"Hello, Mrs. Kennedy," I say. Violet looks at the ceiling and cries "Help me!" in the ugliest old voice you can imagine, but it doesn't bother me anymore.
In every room an old, slumpy person is staring at a TV. "Get your hair out of your eyes, Martha," I hear a crone from 211 shout. "You'd be prettier if you'd use a comb."
Halfway down the hall Bobbi is standing at the mobile meds cart, mixing drugs in a cup. "I'm on my way down," she says brightly.
Aren't we all? I think, but out loud I say, "See you there."
As I arrive at Dad's little pink room, Martin, a tall Jamaican man, and Ella, a very pretty young woman from Brazil, are lifting my father out of his bed.
"Okay, turn now," Martin says, "turn, turn, turn to me." I could listen to his musical voice forever.
Dad's old feet patter on the linoleum floor as he tries to help Martin and Ella turn him. Then Martin says, "Okay, now, Mr. Williams, here is the chair, behind you," and they lower Dad into the wheelchair. Martin moves in behind him and grasps him under the arms, and Ella leans over in front. They shift him to the left, and Ella stuffs a cushion between his hip and the side of the chair.
"Okay now, Mr. Williams?" Martin says, bending over to be at Dad's eye level. I can see Dad's head slightly, slightly nod. "See you later then," Martin says, and Ella caresses his shoulder and says, "See you later, Mr.
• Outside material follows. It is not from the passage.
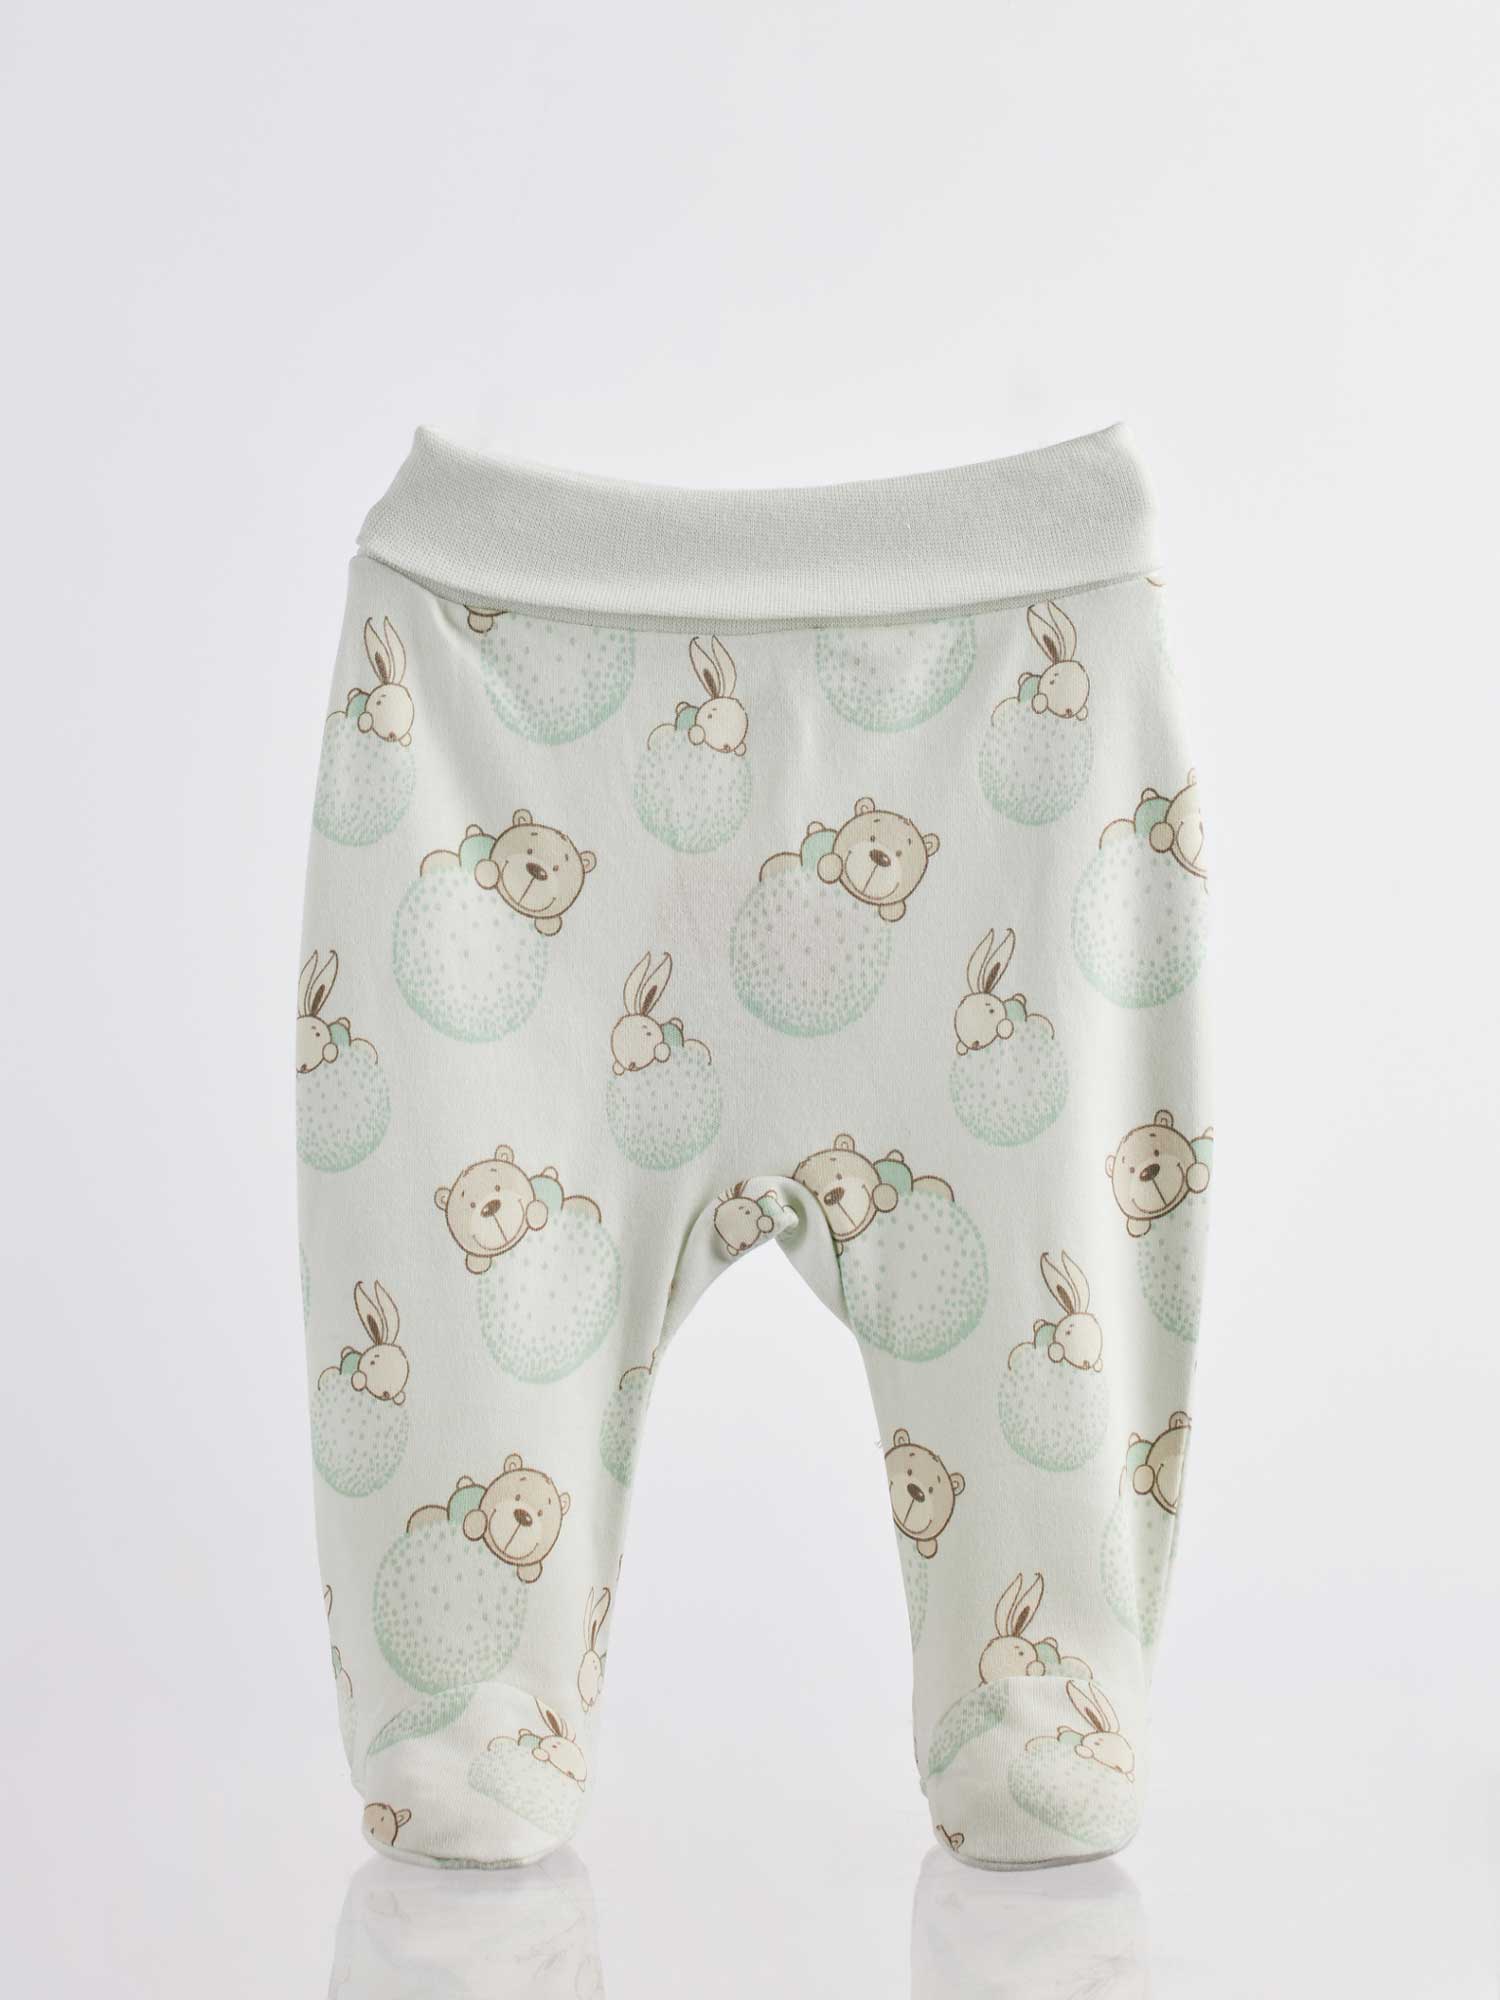 The Infant Pants Bear & Bunny 372 are ideal for your baby's everyday use. These pants feature a wide elastic waistband that won't squeeze or constrict your baby's belly as they play and discover.

Williams." They smile at my mother and come out of the room, and smile at me and say hello as they pass.
My mother is pulling dead leaves off the foil-wrapped plants on the windowsill, left over from the most recent Happy Holiday.
"Hi, Dad," I shout from the door, and I walk past the bed where Harry died, to Dad's side of the room.
Dad slowly, slowly, slowly turns his head toward me, and his hand lifts slightly from the arm of his chair.
"Bill, can't you say hello?" my mother says.
The faintest of whispers issues from Dad.
"Hi, Dad," I say again.
"I'll say it then," my mother says. "Hello, Vera."
"He did say hello," I say. How on earth do they manage when I'm not here? "Mom, are you wearing your hearing aids?"
"What?" she says. She looks at Dad. "Did you say hello?"
He slowly, slowly turns his face toward her. He slightly, slightly nods.
"Oh, damn," she says. "This damn thing." She cups a hand beside her right ear and then her left ear, and shakes her head. "The battery's dead again."
The batteries in my mother's hearing aids seem to die at the drop of a hat. "Do you have any with you?" I shout.
"What?" she shouts back.
"I have batteries," she says.
"Want me to—?" I hold out my hand.
"What do you want them for?" she asks.
"I'll put them in for you," I say, enunciating clearly and pointing to her purse, to her hearing aid, to my own chest.
She shakes her head. "I can do it," she says, and she sits down in the visitor's chair and takes the hearing aid out of her left ear and begins rooting through her purse in search of her spare-battery case.